Alternatively, the specification unit 12 may perform selection of a
target section until after a section having a priority higher than
the threshold value does not remain any more.
[0084] The signal processing performed for a target section
specified by the specification unit 12 is not limited to that
performed by the first similarity calculation unit 13 and the
second similarity calculation unit 15. A process other than
calculation of a similarity may be performed for a target section
specified by the specification unit 12.
[0085] The first similarity calculation unit 13 is not limited to
unit that calculates both a rhythm similarity and a tone color
similarity.

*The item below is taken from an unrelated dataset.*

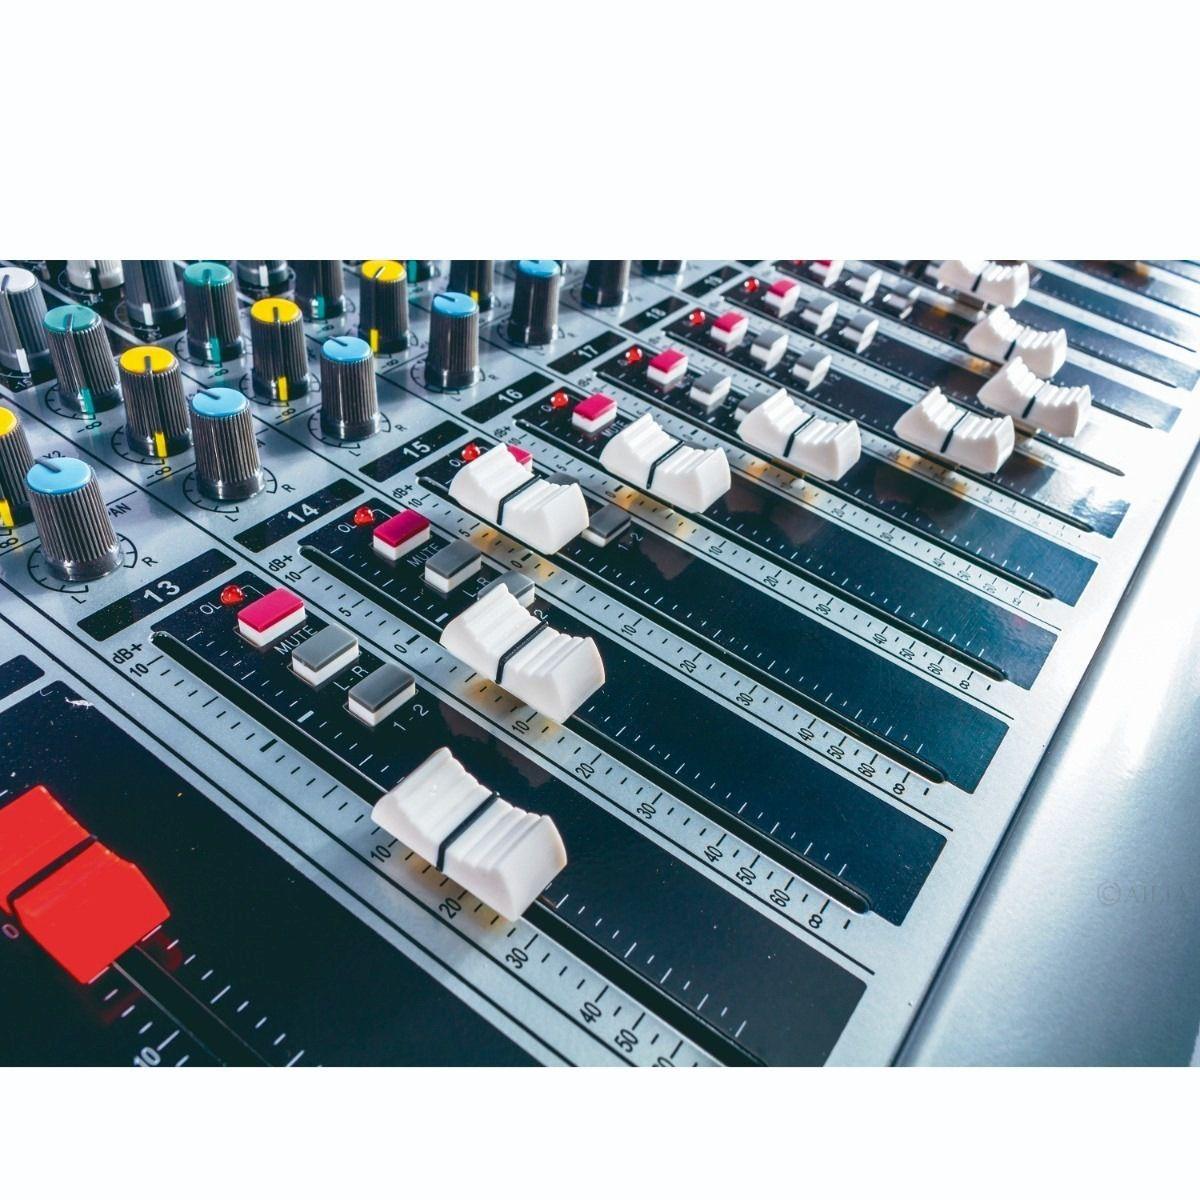 Mesa De Som 24 Canais Dj Auxiliar Digital Microfones Violão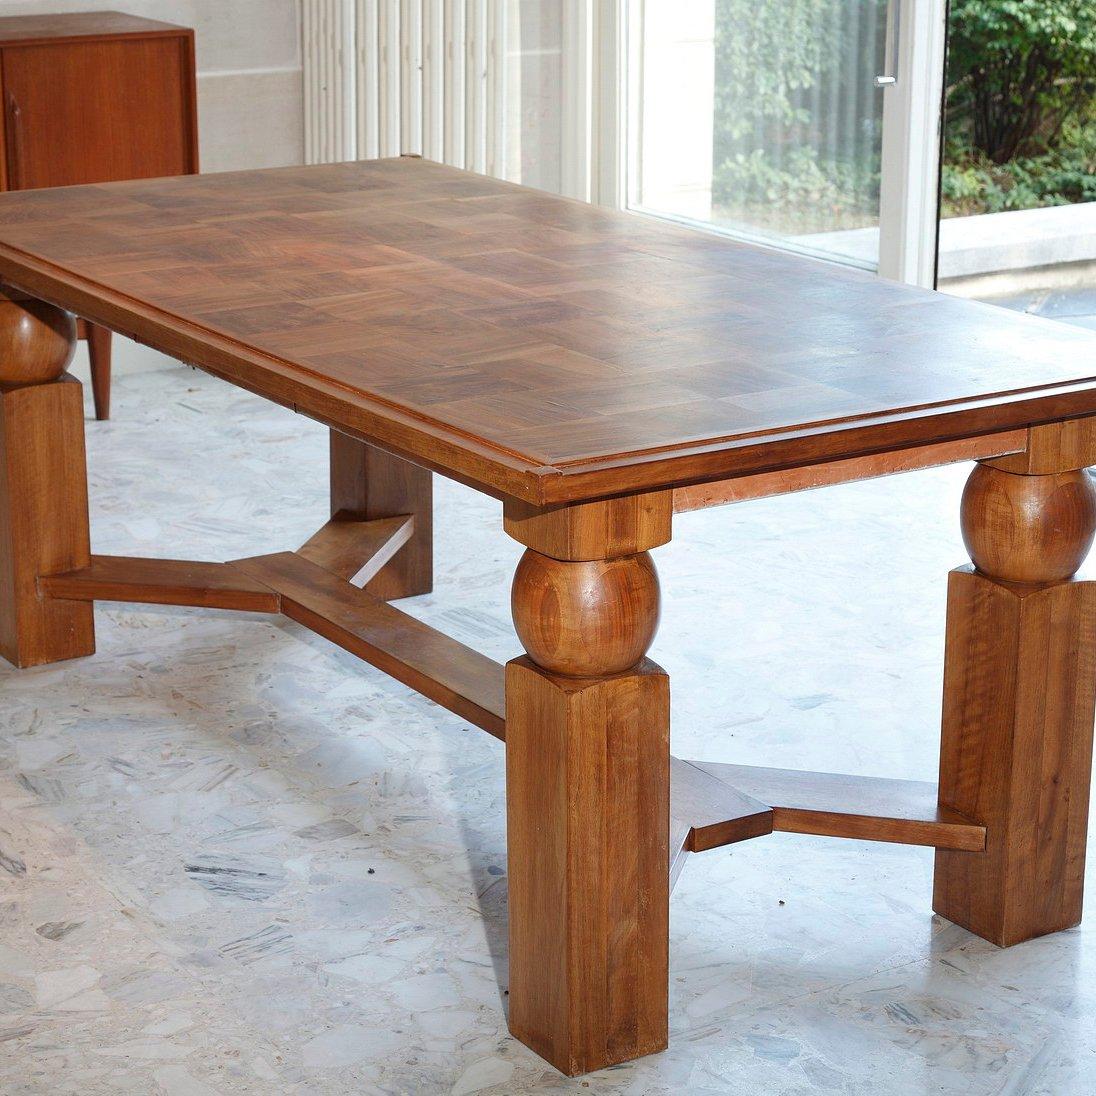 Tavolo da pranzo allungabile in legno naturale di - Tavolo da pranzo legno ...

The first similarity calculation unit 13 may calculate
only one of a rhythm similarity and a tone color similarity.
Further, in the first similarity calculation unit 13, the reference
matrix acquisition unit 132 may not acquire a basis matrix and an
activation matrix corresponding to a reference sound signal from
the database 14 but may acquire a reference sound signal itself
from the database 14 and calculate a basis matrix and an activation
matrix by NMF.
[0086] One of the first similarity calculation unit 13 and the
second similarity calculation unit 15 may be omitted. In this case,
the integration unit 16 is unnecessary, and the selection unit 17
selects a musical piece on the basis only of a similarity by one of
the first similarity calculation unit 13 and the second similarity
calculation unit 15.
[0087] The acquisition unit 11, the specification unit 12, the
first similarity calculation unit 13, the second similarity
calculation unit 15, the integration unit 16, and the selection
unit 17 are not limited to those incorporated in a computer
apparatus by software. At least some of them may be incorporated as
hardware, for example, by an integrated circuit for exclusive
use.
[0088] A program to be executed by the CPU 201 or the like of the
information processing apparatus 20 may be provided through a
recording medium such as an optical disk, a magnetic disk, a
semiconductor memory or the like or may be downloaded through a
communication line such as the Internet. Further, the program may
not necessarily include all of the steps of FIG. 8. For example,
the program may include only step S1, step S2, and step S3.
Further, the program may include only step S1, step S2, and step
S4. Furthermore, this program may include only step S1 and step
S4.
[0089] Further, the similarity calculation by a beat spectrum at
step S4 may not necessarily include all steps. In the case where a
spectral difference is not used as a characteristic, calculation,
normalization, or autocorrelation of a spectral difference may not
be performed.
* * * * *